* _TASK DETAILS_
With images removed, return the whole listing exactly as written.
GIVEN MATERIAL Block Start
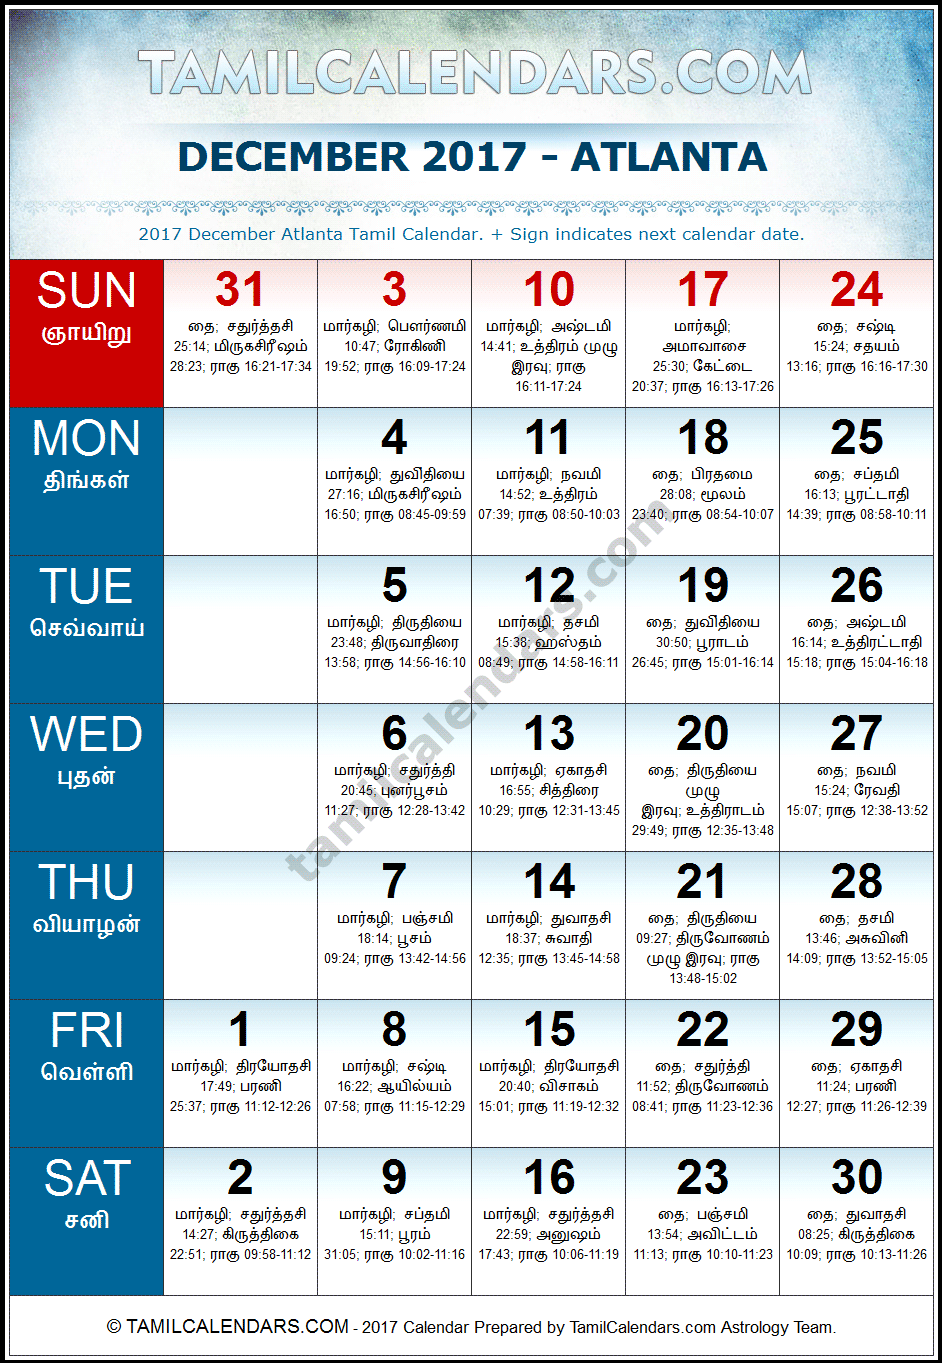 December 2017 Tamil Calendar for Atlanta, USA
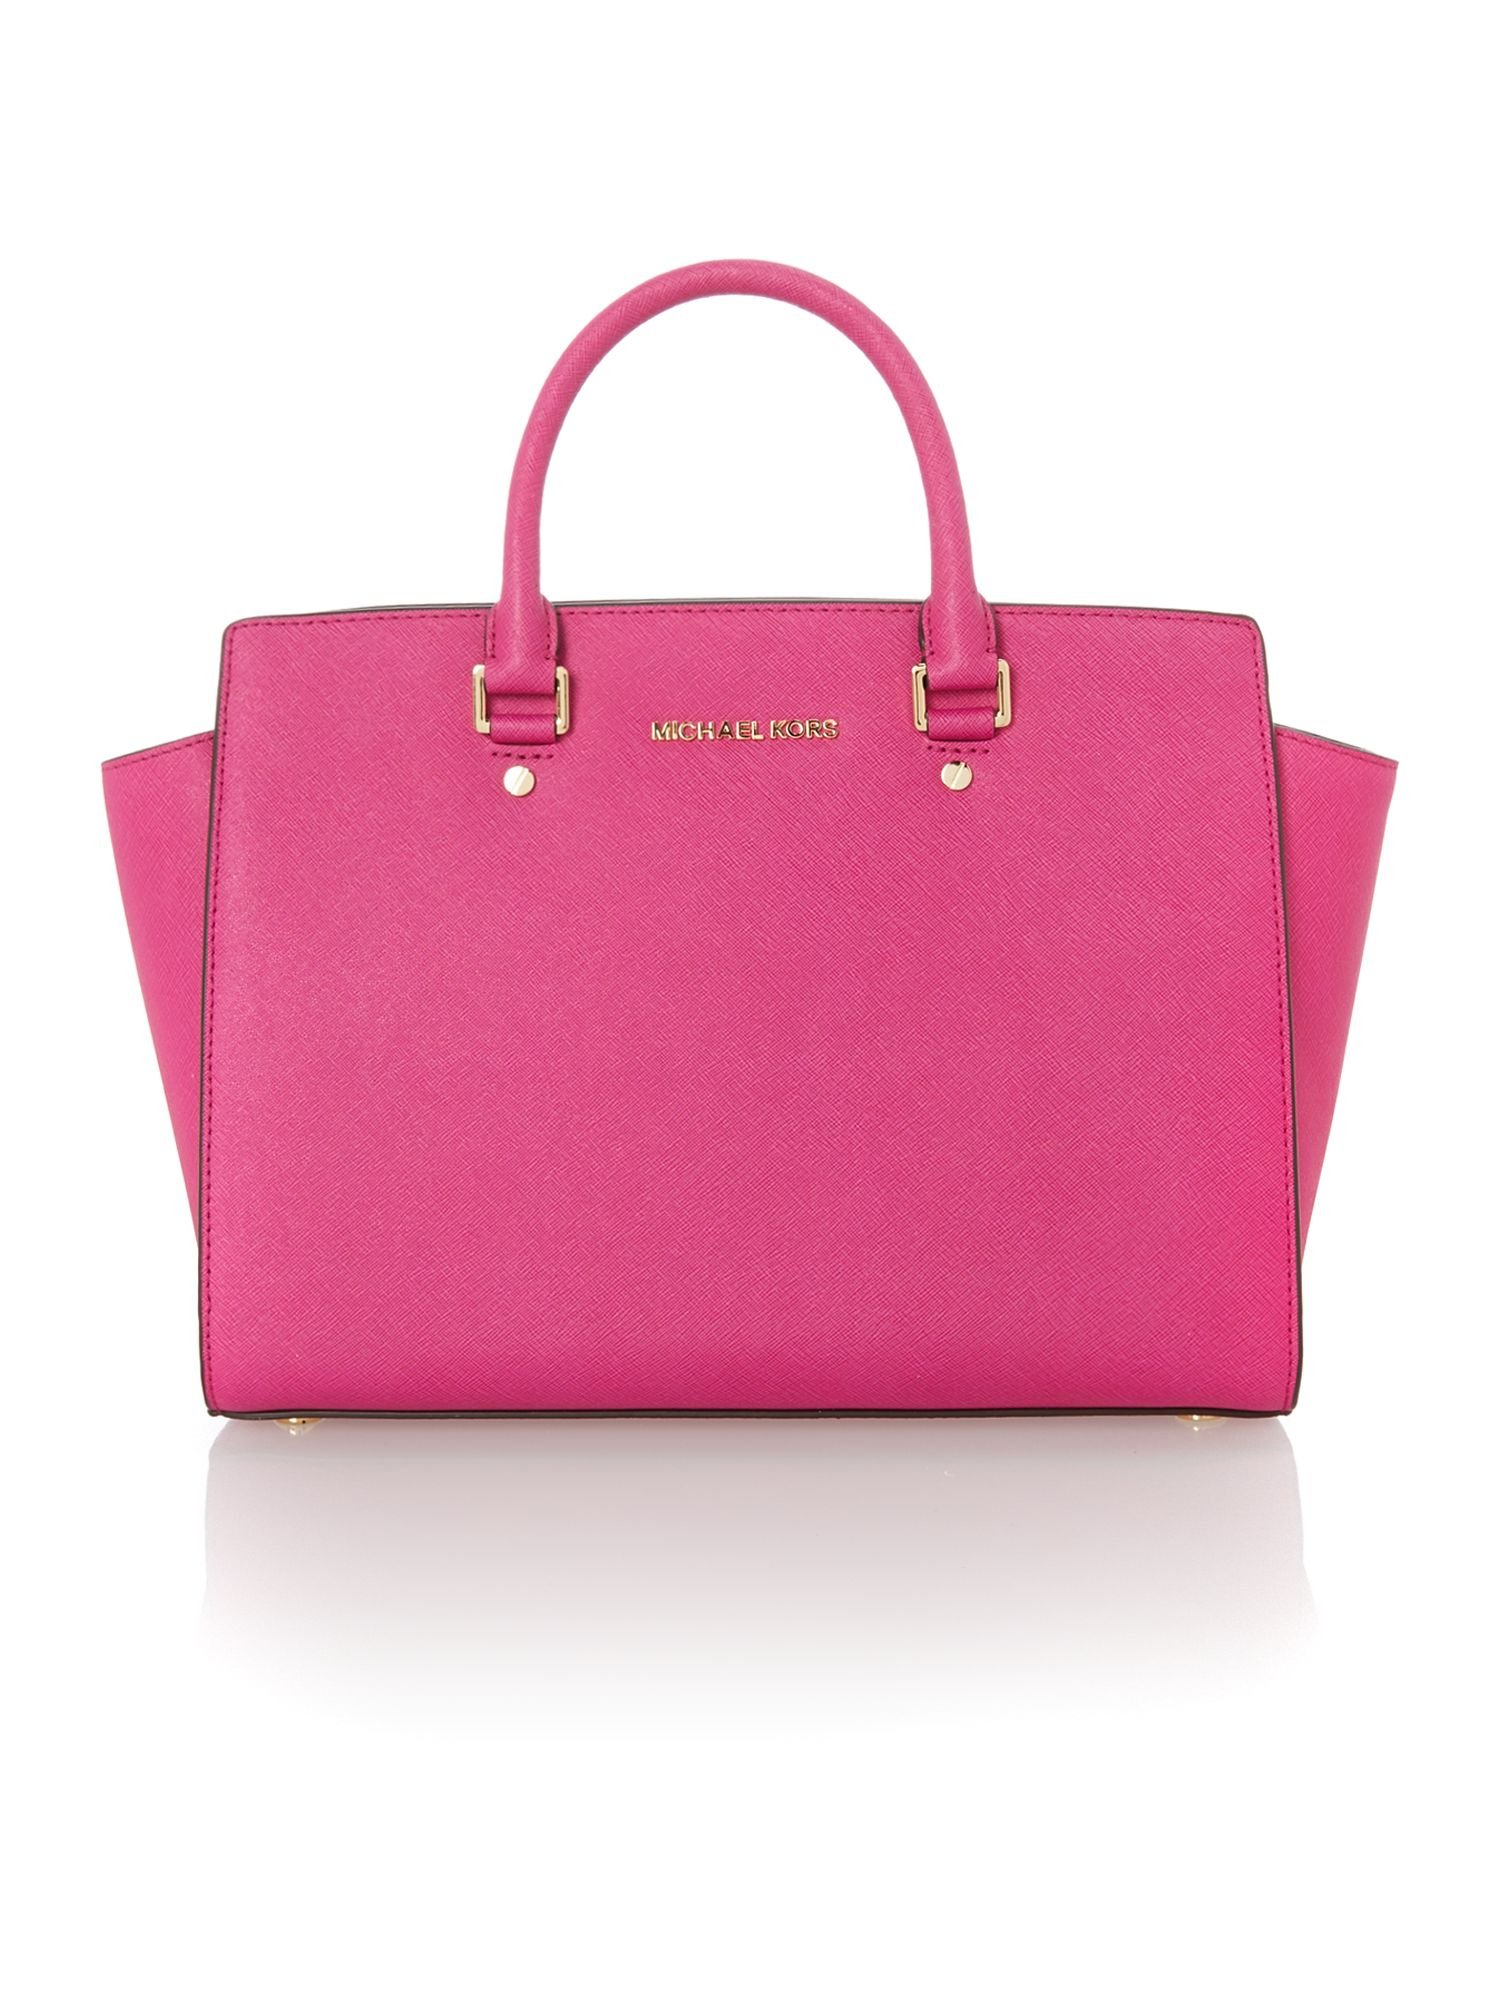 Michael Kors Selma Pink Tote Bag in Pink | Lyst
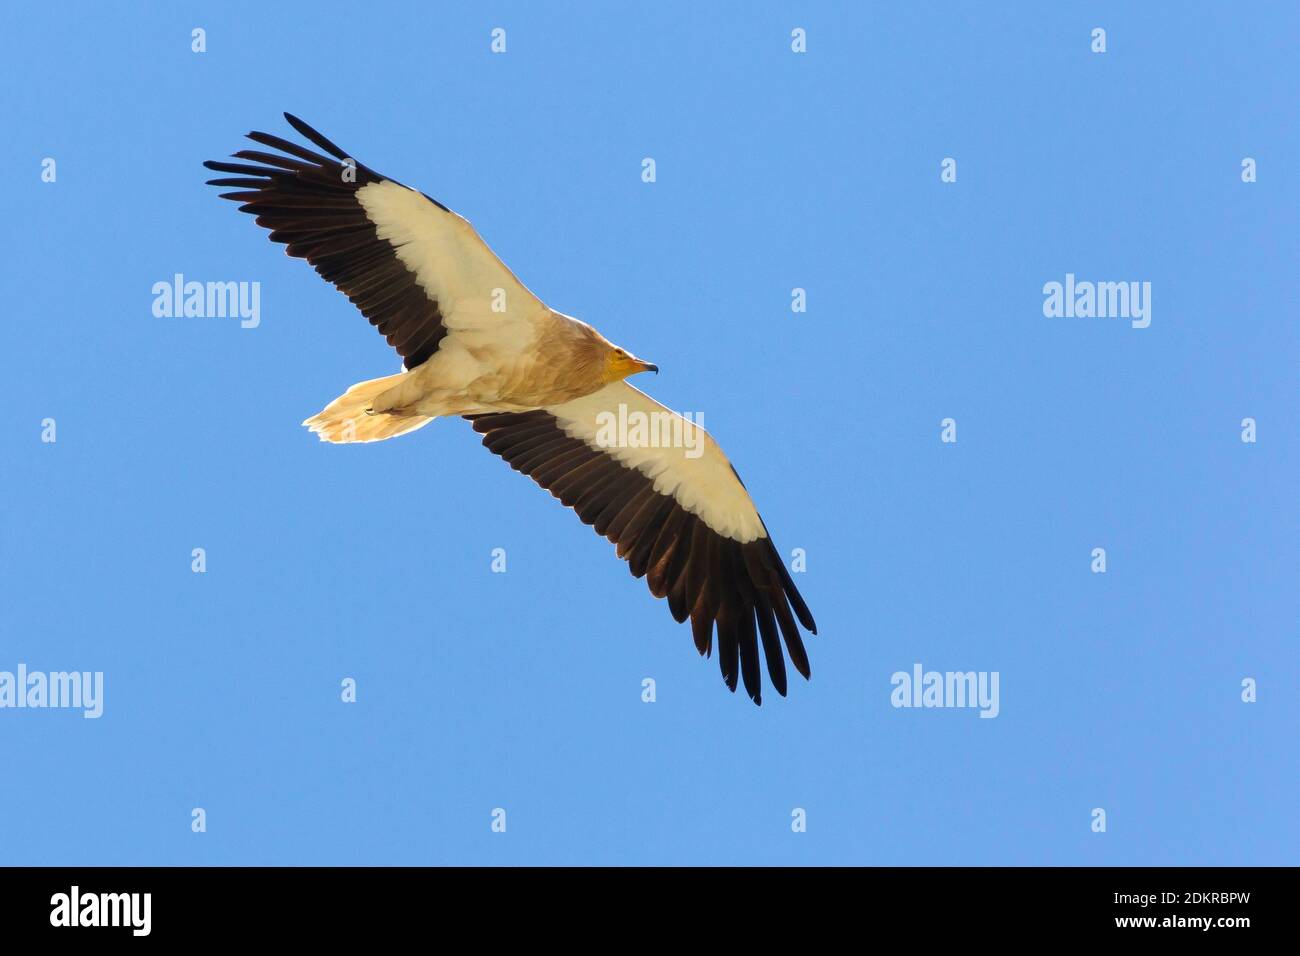 Volwassen Aasgier in vlucht, Adult Egyptian Vulture in flight Stock Photo
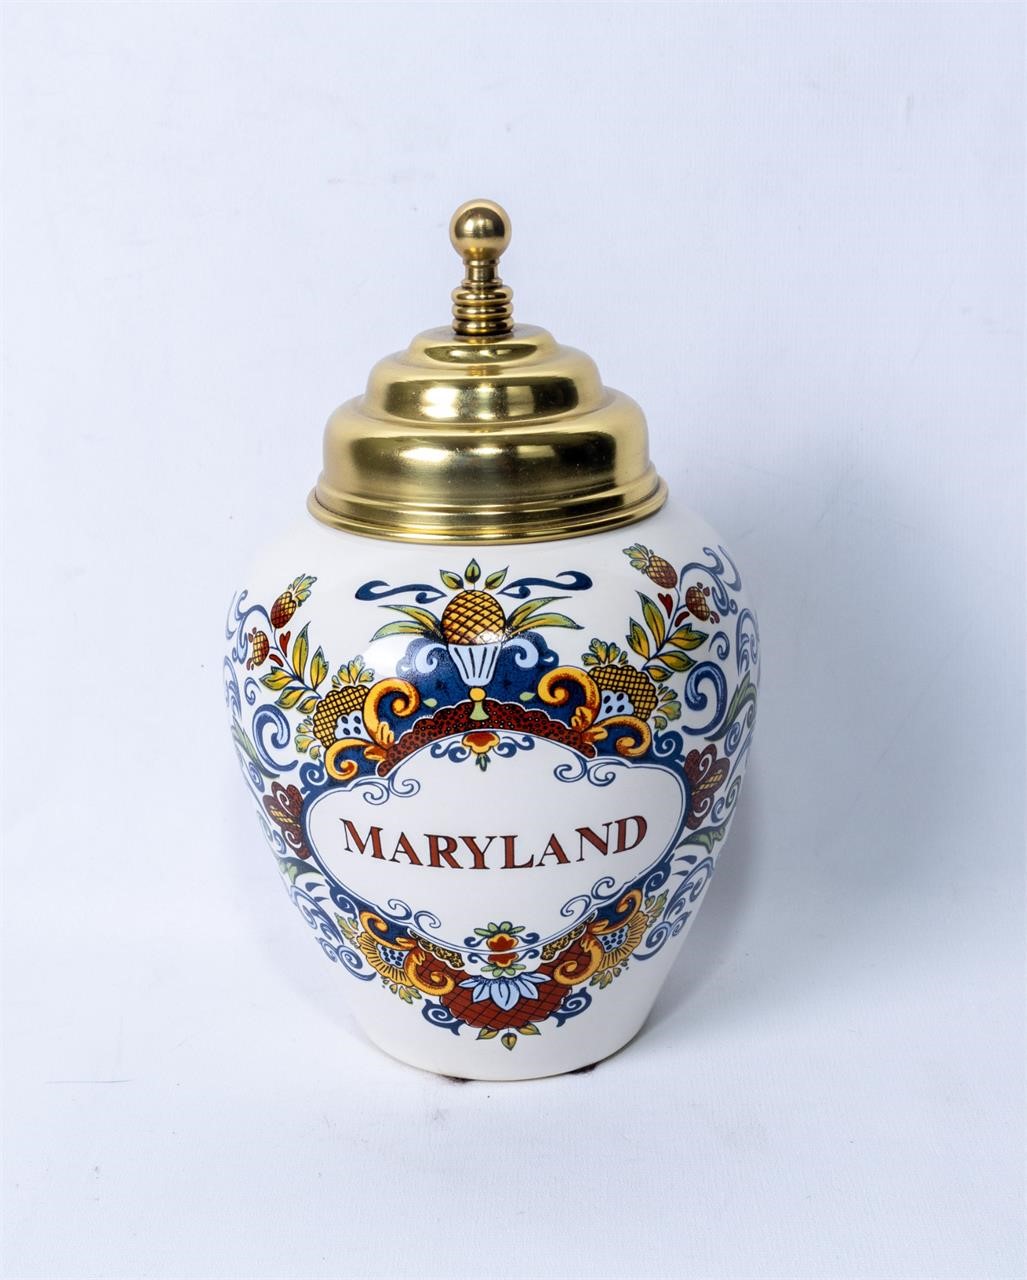 18th century reproduction tobacco jar
GIVEN MATERIAL Block End
* _TASK OUTPUT_
 December 2017 Tamil Calendar for Atlanta, USA
 Michael Kors Selma Pink Tote Bag in Pink | Lyst
 Volwassen Aasgier in vlucht, Adult Egyptian Vulture in flight Stock Photo
 18th century reproduction tobacco jar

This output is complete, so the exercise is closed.